A new study shows that ChatGPT, an application that uses the GPT-4 AI engine, performed better than most college students in a standard test of creativity. The study suggests that AI is developing the ability to generate ideas that are as good as or better than humans.
Researchers from the University of Montana and collaborators used the Torrance Tests of Creative Thinking (TTCT) to measure the creativity of ChatGPT and human participants. The TTCT is a widely used tool that has been assessing human creativity for decades.
The research team, led by Dr. Erik Guzik, an assistant clinical professor at UM’s College of Business, sent eight responses from ChatGPT and 24 responses from UM students who were taking Guzik’s courses on entrepreneurship and personal finance. The responses were scored by Scholastic Testing Service, which was unaware of the involvement of AI.
The results showed that ChatGPT was among the best in creativity. The AI application ranked in the top percentile for fluency – the ability to produce a large number of ideas – and for originality – the ability to produce new ideas. The AI scored slightly lower – in the 97th percentile – for flexibility, the ability to produce different types and categories of ideas.
“This was the first time that we demonstrated that ChatGPT and GPT-4 performed in the top 1% for originality,” Guzik said. “That was new.”
He also noted that some of his UM students performed in the top 1%. However, ChatGTP outperformed most of the college students nationally.
Guzik conducted the experiment during the spring semester. He was joined by Christian Gilde from UM Western and Christian Byrge from Vilnius University. The researchers presented their work in May at the Southern Oregon University Creativity Conference.

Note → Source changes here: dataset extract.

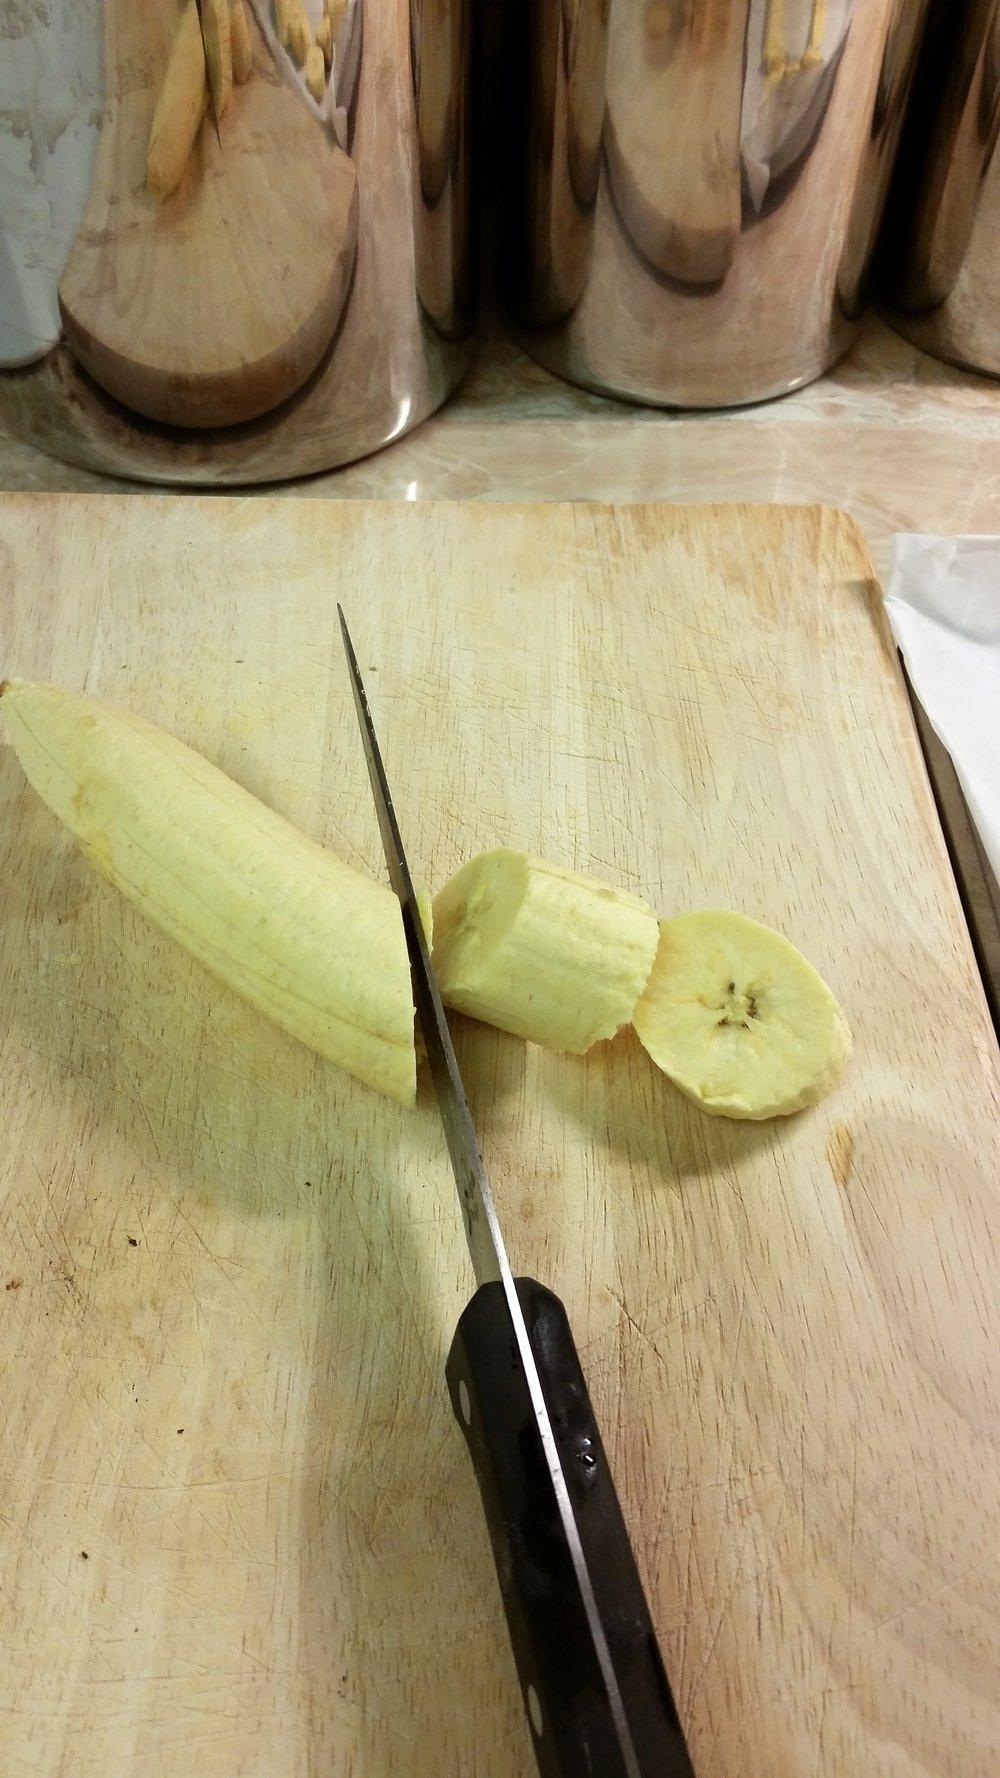 cutting plantains.jpg

“We didn’t interpret the data much at the conference,” Guzik said. “We just presented the results. But we shared strong evidence that AI seems to be developing creative ability on par with or even exceeding human ability.”
Guzik said he asked ChatGPT what it would mean if it did well on the TTCT. The AI gave a strong answer, which they shared at the conference:
“ChatGPT told us we may not fully understand human creativity, which I believe is correct,” he said. “It also suggested we may need more sophisticated assessment tools that can differentiate between human and AI-generated ideas.”
He said the TTCT is protected proprietary material, so ChatGPT couldn’t access information about the test online or in a public database.
Guzik has a long-standing interest in creativity. He was introduced to the Future Problem Solving process developed by Ellis Paul Torrance, the pioneering psychologist who also created the TTCT, when he was a seventh grader in a program for talented-and-gifted students in Palmer, Massachusetts. He fell in love with brainstorming and how it taps into human imagination, and he remains active with the Future Problem Solving organization – he even met his wife at one of its conferences.
Guzik and his team decided to test ChatGPT’s creativity after experimenting with it during the past year.
“We had all been exploring with ChatGPT, and we noticed it had been doing some interesting things that we didn’t expect,” he said. “Some of the responses were novel and surprising.